Why did we develop sweat glands?

Ok, I’m not a creationist, nor an irreducible complexist (is that a word?) but I did think about this earlier today as I sweltered in the Texas heat.

How/why did we develop sweat glands?

Traditional evolutionary biology states that over a given period of time, mutations that were conducive to survival bred true and lead to species-wide adaptations that carried on from generation to generation. However, this took a loooong time.

So, we evolve from fish, to amphibians. They probably didn’t need sweat glands.

Then we get dinosaurs who were, by all accounts, near-lizards. No sweat glands.

Simultaneously (or near enough), hairy, small critters evolved. Leaving aside hair/sebaceous glands, how/why did extruding moisture from those glands end up become a response to trying to shed excess heat?

In other words - how did enough of our ancestors who piddled out of their hair folicles survive to ensure that no matter what I do, I can’t avoid nasty pit-stains in my shirts for about 6 months of the year? How did any of them survive long enough to make that a survival trait?

I understand there’s still considerable debate on that very topic. In an evolutionary perspective, proto-humans changed drastically and in a rather short period of time. Developing heavy use of sweat glands was one such change.

Why? As a means of providing for thermal cooling. How? As a mutation that, in the right circumstances gave proto-mammals an evolutionary edge. You could similarly ask why we have fur/hair…or myriad other aspects of modern biology.

They didn’t need hair or fur either…and we seem to have lost the fins and tails as well. Why? Mutation and evolutionary advantage in shifting environments, such as in the air and on dry land (they wouldn’t need or be able to use sweat glands in the water, so if they had such a mutation or even the gene for a proto-sweat gland it would have given them no advantage UNTIL they left the water).

Dinosaurs weren’t lizards or even of the lizard family…more like birds.
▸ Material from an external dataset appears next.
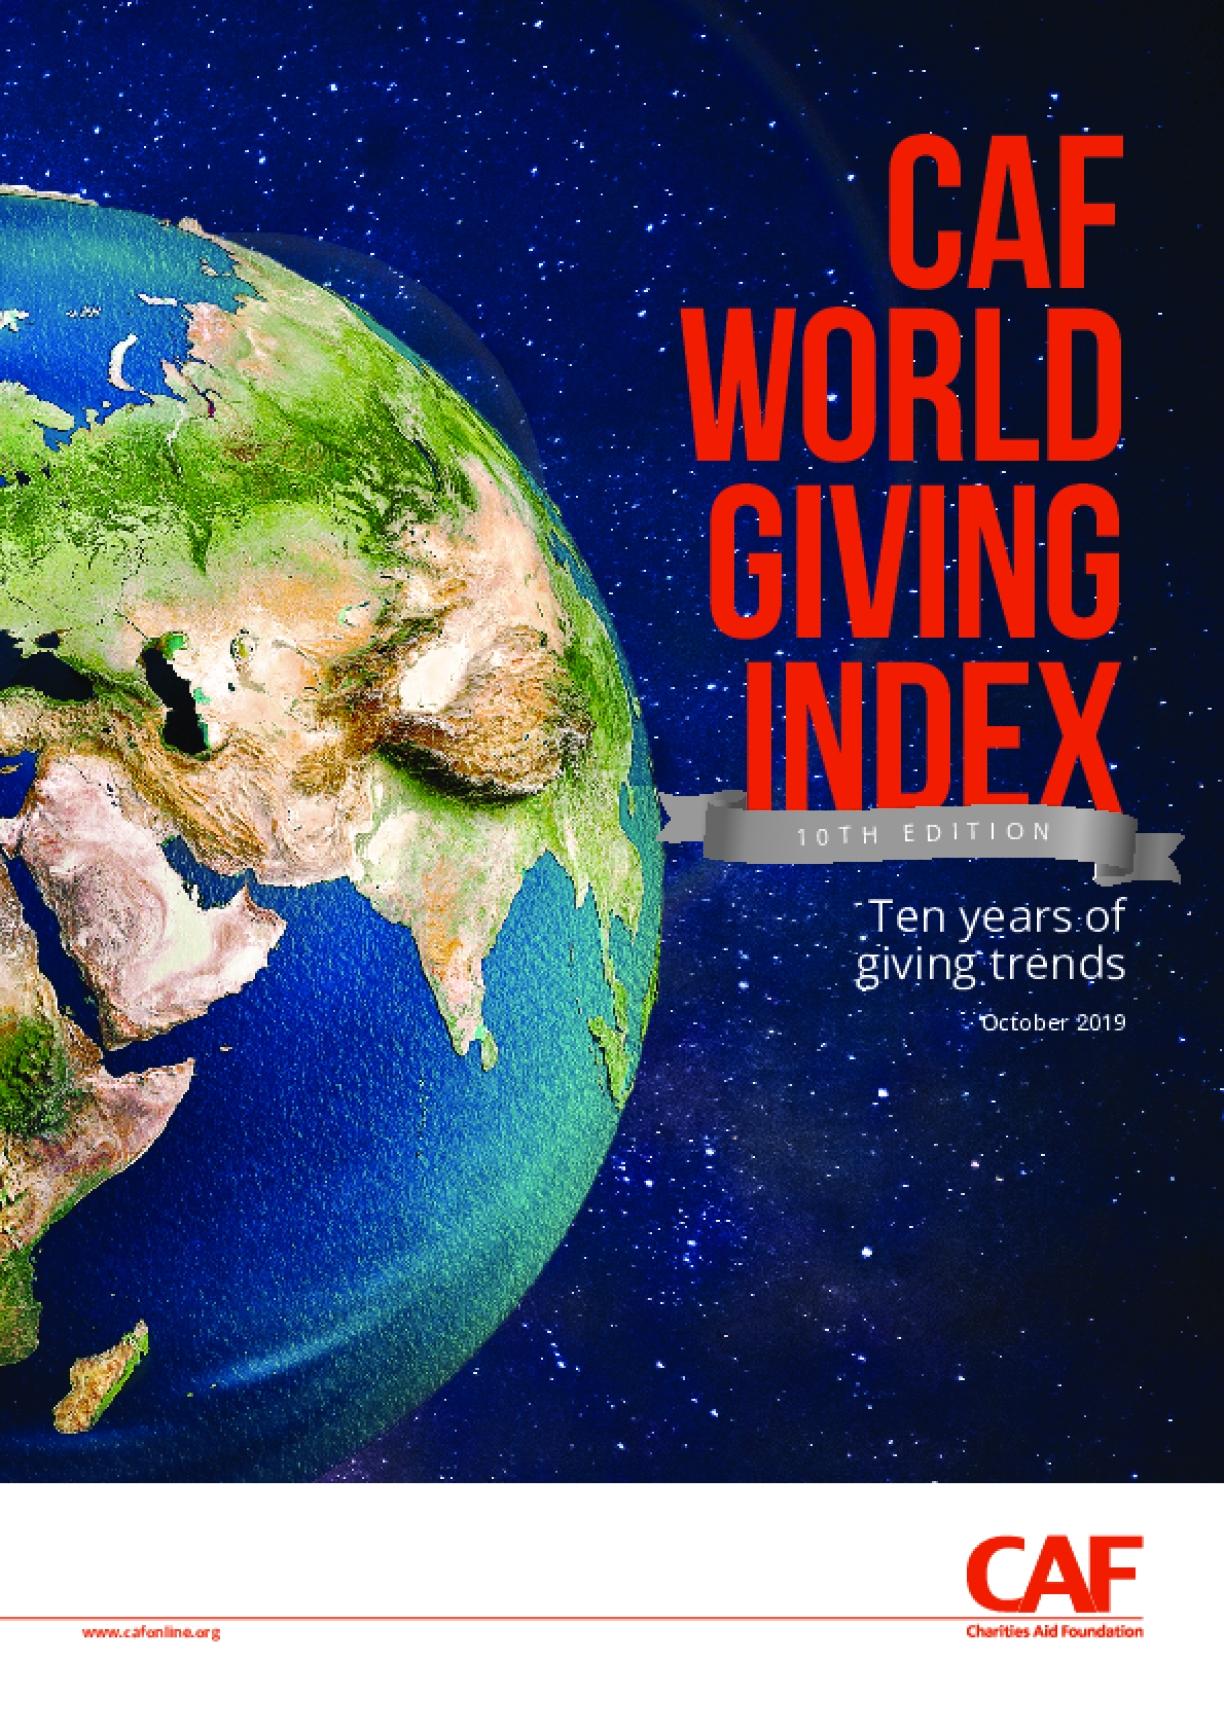 CAF World Giving Index

They had other means of cooling themselves, and regardless, we aren’t descended from most ‘dinosaur’ species since mammals split off from them somewhere between 200 and 80 million years ago.

I doubt there is a firm answer to this one, but we have a lot of folks well schooled in evolution on this board so I’ll let them answer if there is a specific answer. My WAG is that it was a mutation sometime in an earlier species that became an advantage (or, initially not a huge disadvantage) that eventually gave our ancestor species an edge when the climate shifted or when a lot of ecological niches opened up during one of large extinction events (such as the Chicxulub impact).

Shedding heat in this way obviously gave our ancestor species an advantage. And later those sweat glands gave rise to those large breasts that many men love so much. :wink:

Other mammals have sweat glands, though they aren’t as effective at cooling and may not be as plentiful as in humans. But the genes for sweat glands were there before humans were, so what evolved was possibly an increase in the number of sweat glands, and of a more effective type.

The changes may be associated with our loss of thick fur. Thick wet fur may not be an effective system of cooling.

Actually, proto-mammals split from proto-reptiles between 300 and 320 million years ago, long before the dinosaurs.

I doubt whether sweat glands fossilize very well, so direct evidence is likely to be hard to come by.

OK, I’m in.

A perfect example of animals with sweat glands that most people think of as not having them are dogs. They have two different types, including apocrine glands that release sweat into hair follicles, possibly for pheromones.

They also have sweat glands around the pads on their paws and their noses. It’s not their primary cooling method but they do sweat through their foot pads.

And to attract women. Just ask Rasputin. Well, you could ask him, but he’s dead.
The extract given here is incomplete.